Even if a knowledge economy is nascent, if you have these two morphological markers consistently, systematically within the nascent sector, it will grow like wild fire. If we look at say South Korea and Ireland over the past thirty years, we will see the two morphological markers in action. The system and culture of learning has been established producing a vast cadre of knowledge workers and the economic freedom has generated a variety of economic flow channels that have created vast amounts of wealth. Subsequently in that time frame these two countries have gone from backwaters of Asia and Europe to fully fledged knowledge economies. And once that happens you naturally obtain a population that is mature enough to enact political democracies from the ground up.

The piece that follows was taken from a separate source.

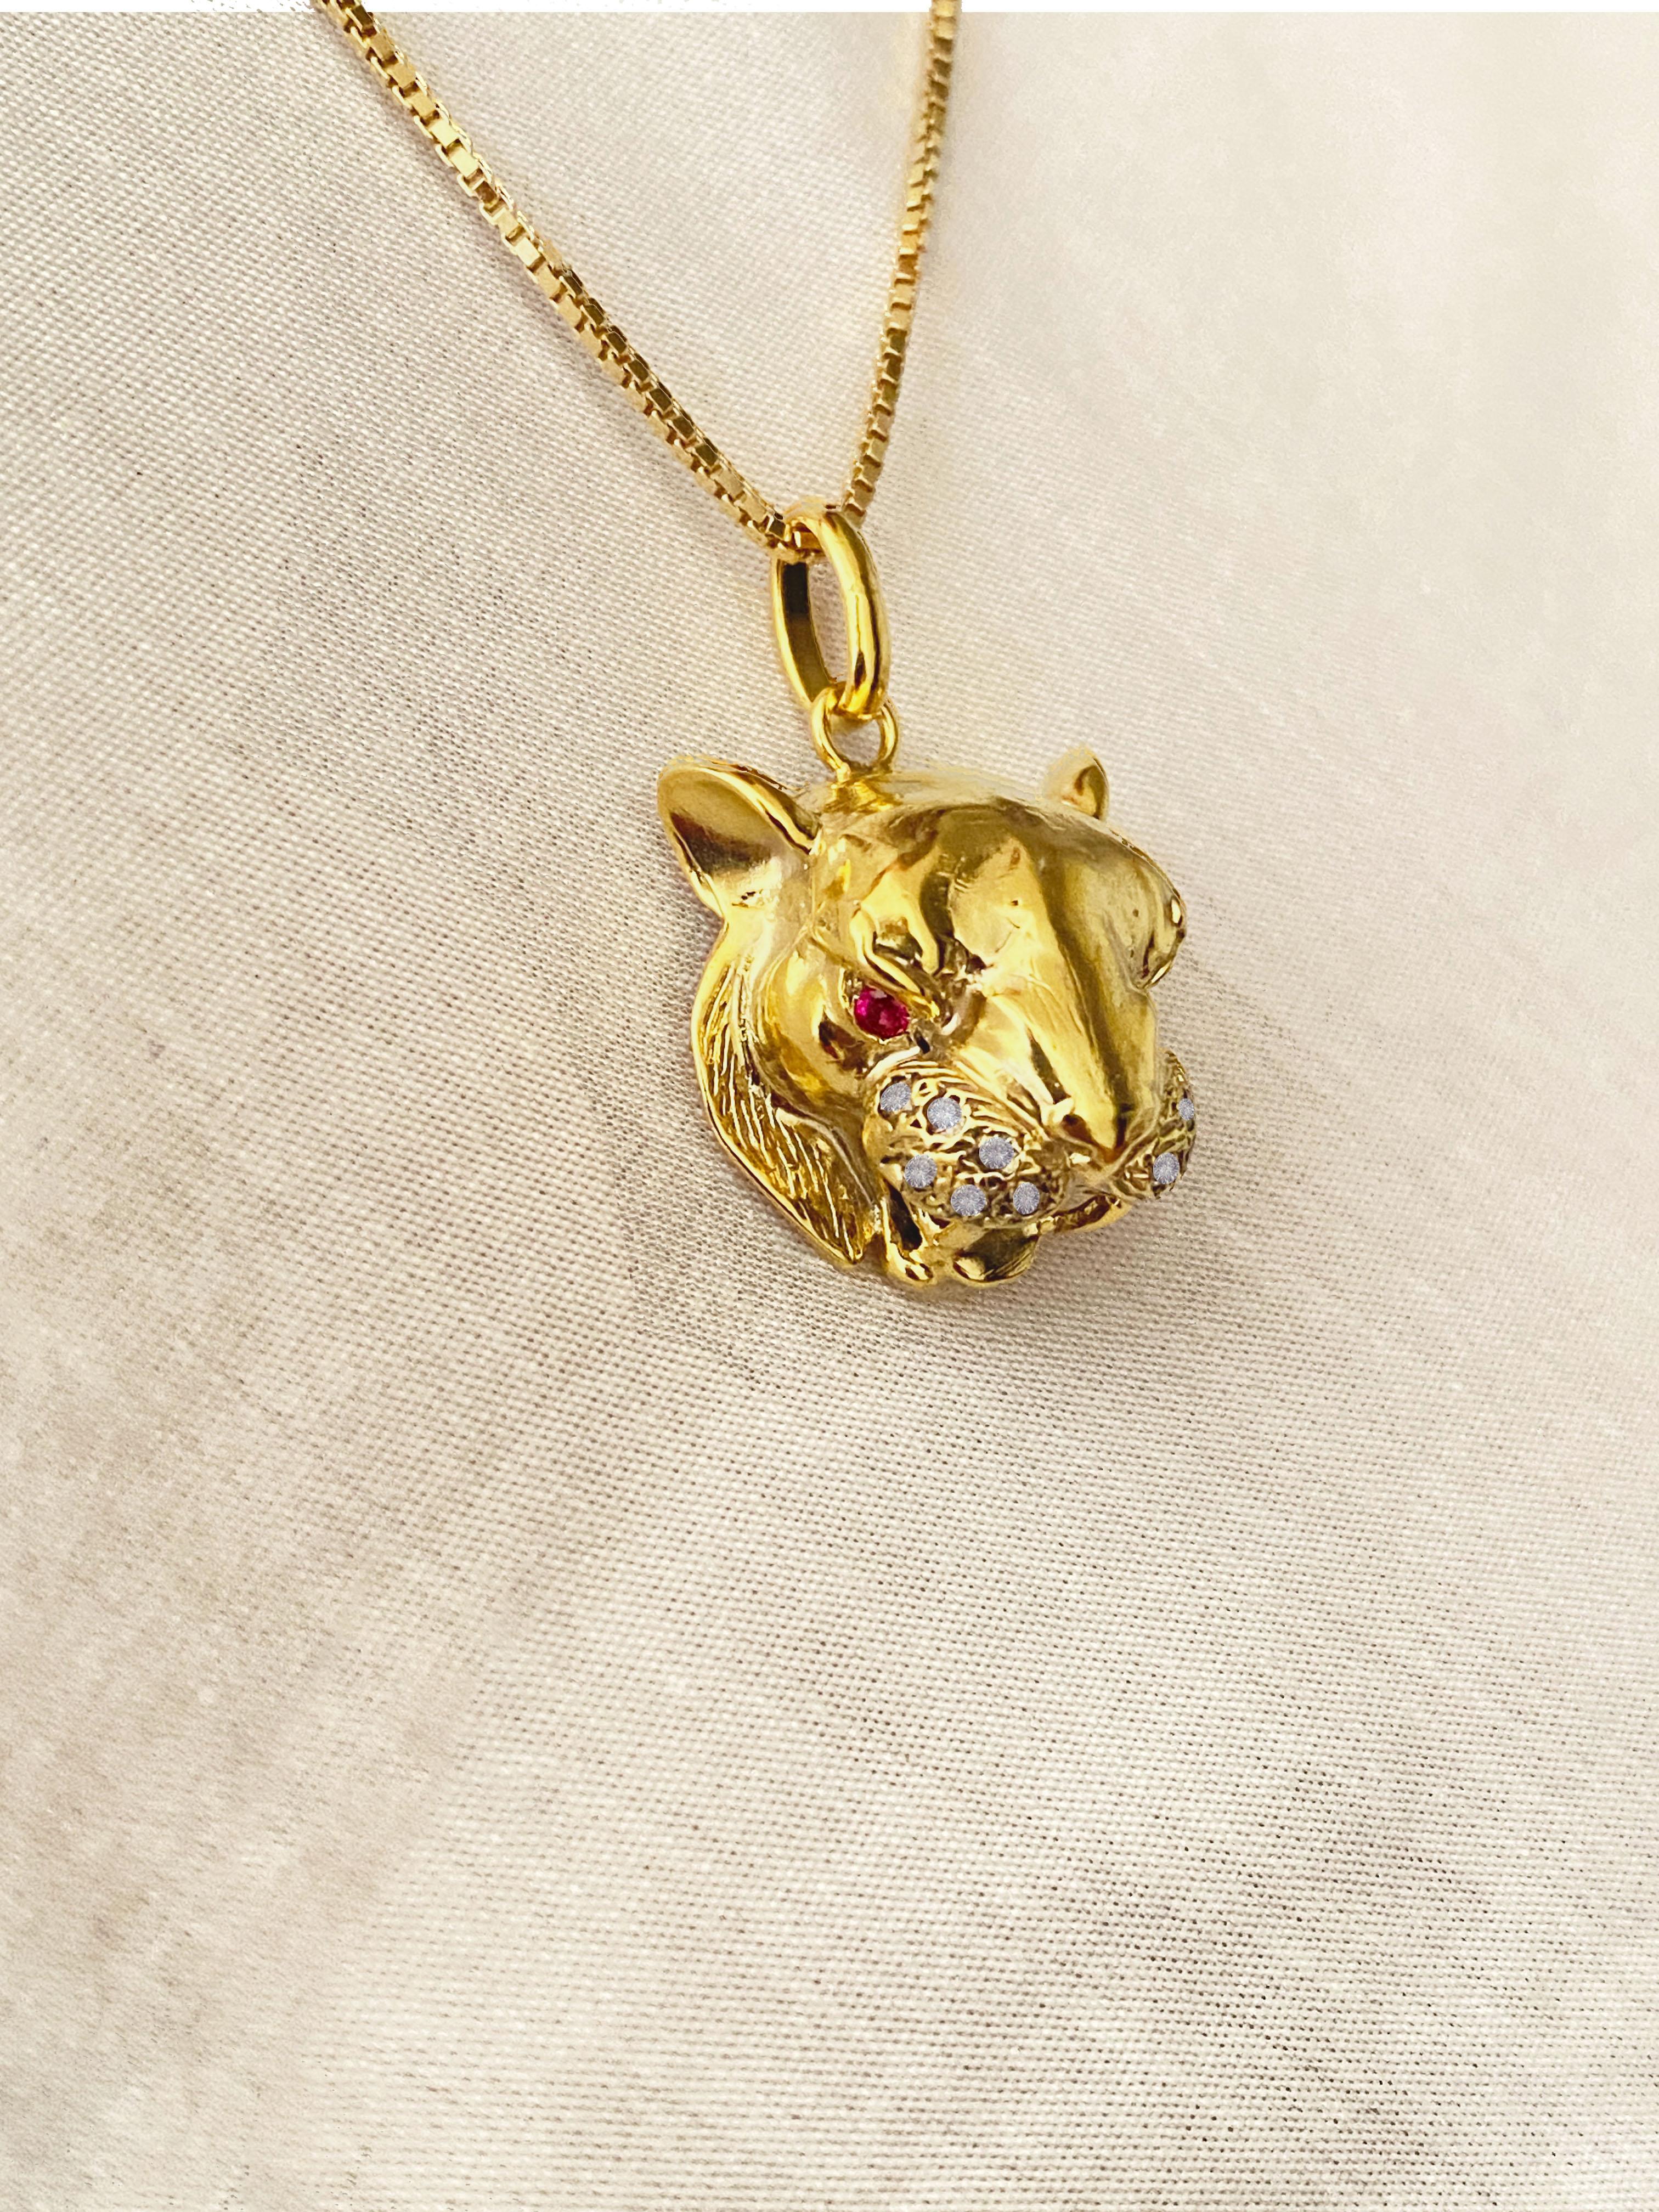 18K Gold Power Tiger Pendant Cube Chain Rubies Diamonds Handcrafted in Italy  For Sale 2

As a counter example, all of the countries in the Horn of Africa have headlined in the disaster news reels as long as I can remember. They have been targets of relief efforts ever since, just to headline in brand new disaster news reels. The point is that if a society can establish even a nascent nucleus of a knowledge economy, it can grow like wild fire. If it doesn't then it is destined to remain in the bonds of its circumstances regardless of how much assistance is given to remedy its symptoms of misery. The lesson here is that all of the funds that are pored into emotional issues, as heart tugging as they may be, like watching starving children, or AIDS patients, or war torn mothers, will likely just keep people alive long enough to face another year of misery, unless the core causes can be remedied. Those core causes, in a nutshell, are backwards societies that are steeped in a culture of ignorance and are shackled by a system of poverty. And the remedies for those core causes are the core attributes of a knowledge worker economy, a system and culture of learning and economic freedom. We have seen over and over again that if those core attributes can be implemented, even at nascent scales, the ball can start to roll, and given time, and a lot of patience, knowledge worker economies can flourish.

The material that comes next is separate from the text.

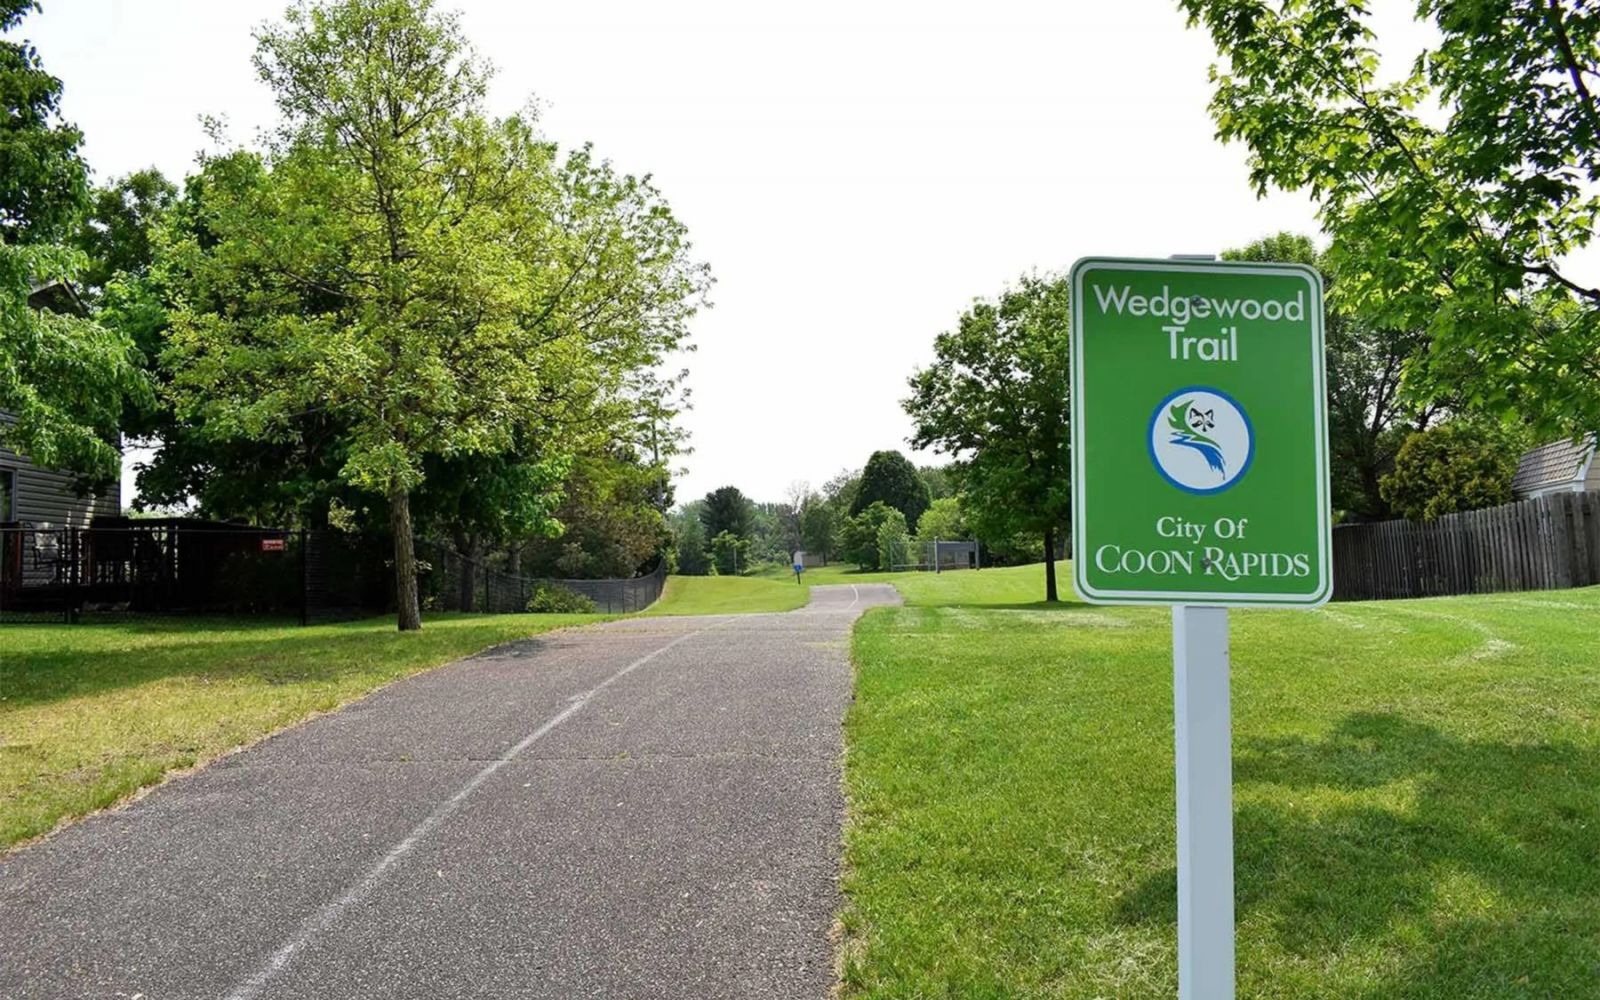 Wedgewood trail sign in Coon Rapids, MN

And that appears to be the key in establishing knowledge economies in underdeveloped societies, time and patience. The hope is that if we are patient, in time these societies will come around, because it is a matter of social physics, memetic evolution. If the countries around them have burgeoning knowledge economies, sooner or later the people of the dysfunctional  economy will get the message. Sure the stalwarts of the rifts in the government don't want to have anything to do with it. But they will get more and more isolated over time, and eventually they die of old age, naturally. Economic pressure will be applied naturally. Knowledge of the outside world will permeate naturally. Meanwhile what can we do to accelerate that natural infusion? As a rule, what you want to do is to open as many channels as you can so that the evidence of the global knowledge economy permeates the dysfunctional country. That means increasing contact, not decreasing it. Increasing trade not decreasing it. Increasing people exchange, student exchange, information exchange. In short we should use every tool in our arsenal to create and widen the channels through which information about the workings and benefits of knowledge economy can permeate a dysfunctional society. Then patiently wait for it to take root, it will, it has to, it effects the reptile brain circuits of survival, the emotional circuits of economic happiness. It does work, we have seen it work in the dictatorial countries of the Pacific Rim, in the communist block, in South American dictatorships of both the right and left varieties. The key is patience. The local soil has to be ready to have the seeds of the knowledge economy take root. Even if it is just a nascent one, once you start the two morphological features of the knowledge economy, a System and Culture of learning and Economic Freedom, it will take hold, it is in our brain circuitry, we have seen it do so over and over. Then in time, once a culture of economic freedom has set in, once the culture of learning has set in, people will naturally adopt political freedom.